=== Records to process ===

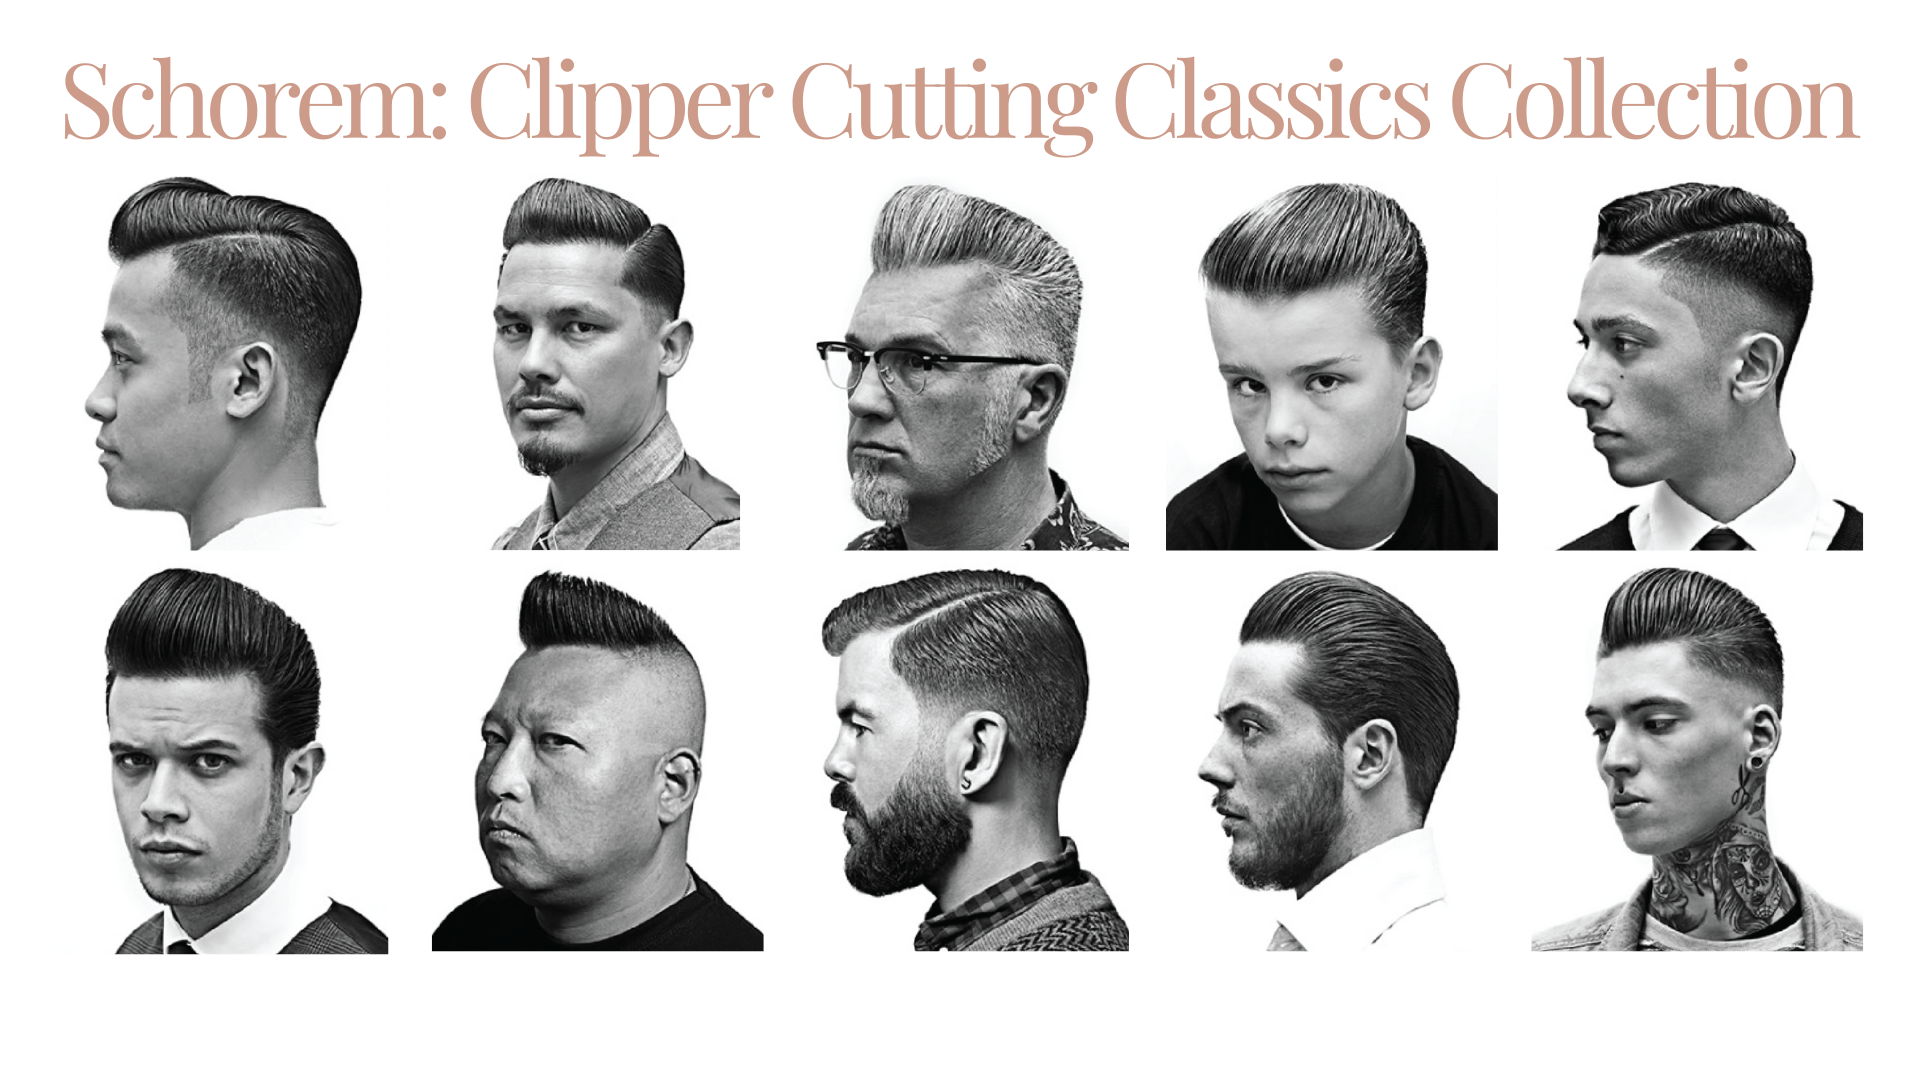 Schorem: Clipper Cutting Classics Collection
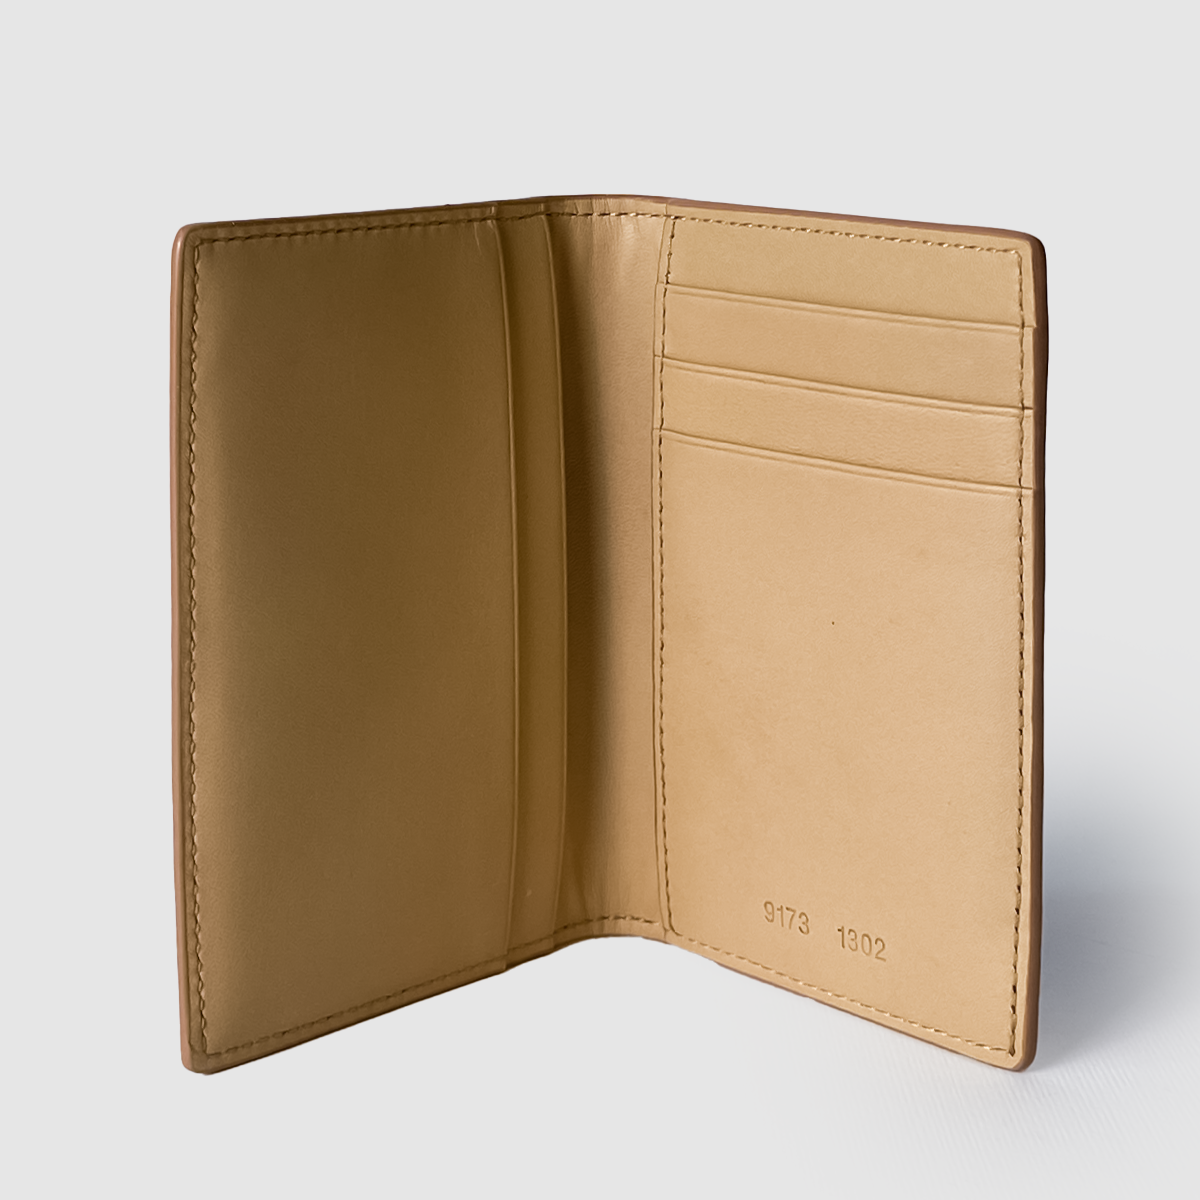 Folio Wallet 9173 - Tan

===
=== Records to process ===

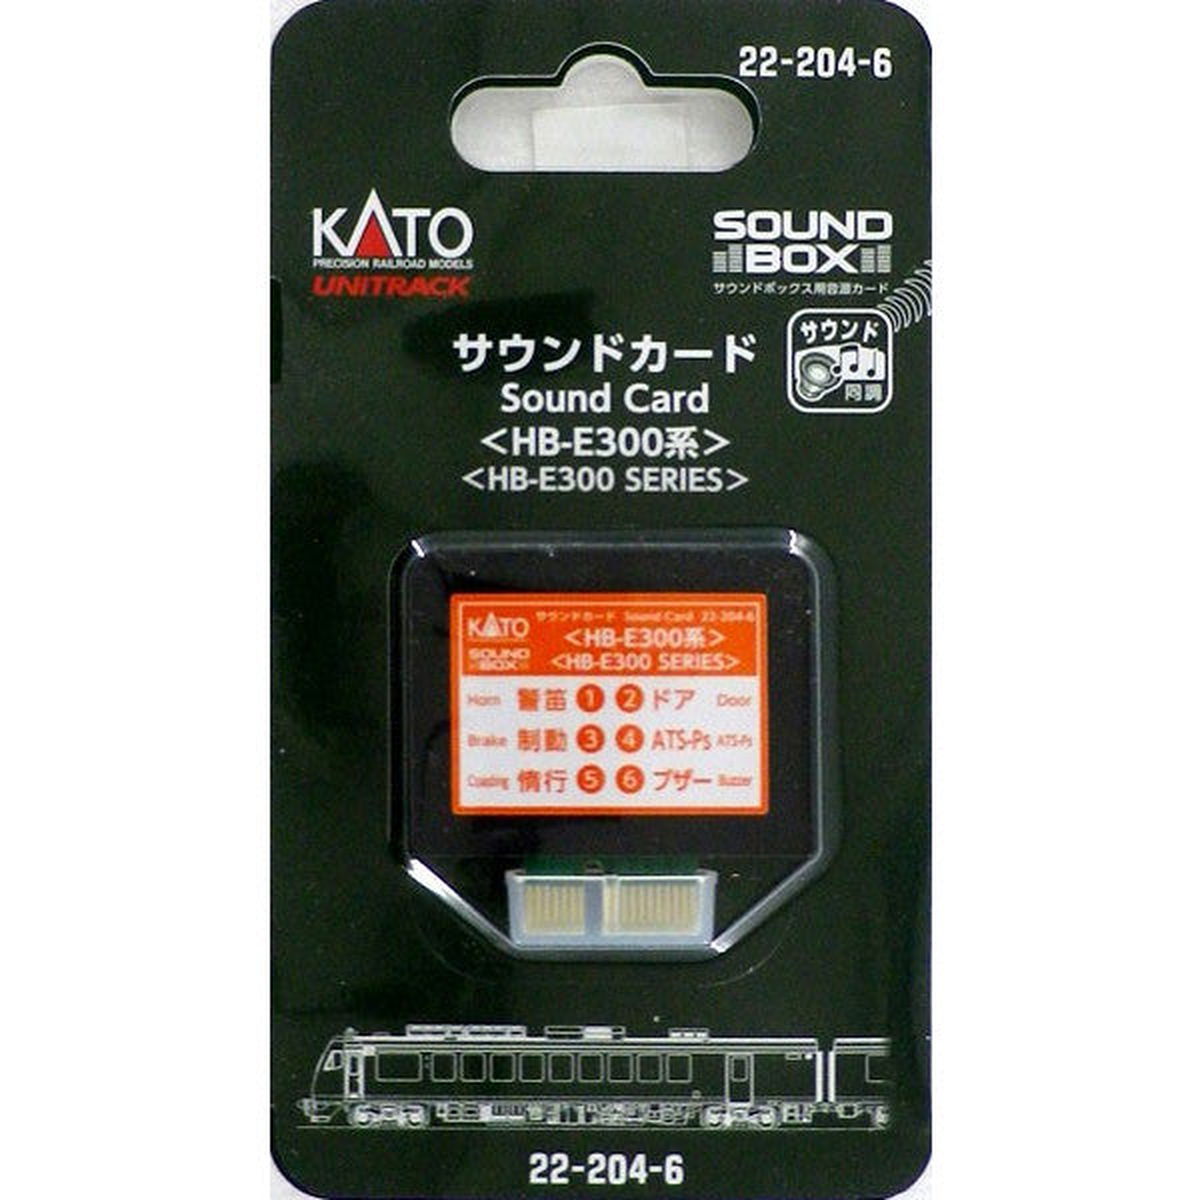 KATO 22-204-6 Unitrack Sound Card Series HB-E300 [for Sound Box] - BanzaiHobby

===

> **Activity**: Could you transcribe exactly the entries above, but only the lines from the one with "Schorem: Clipper Cutting Classics Collection" through the one with "Folio Wallet 9173 - Tan", and without pictures?

> **Answer section**:
 Schorem: Clipper Cutting Classics Collection
 Folio Wallet 9173 - Tan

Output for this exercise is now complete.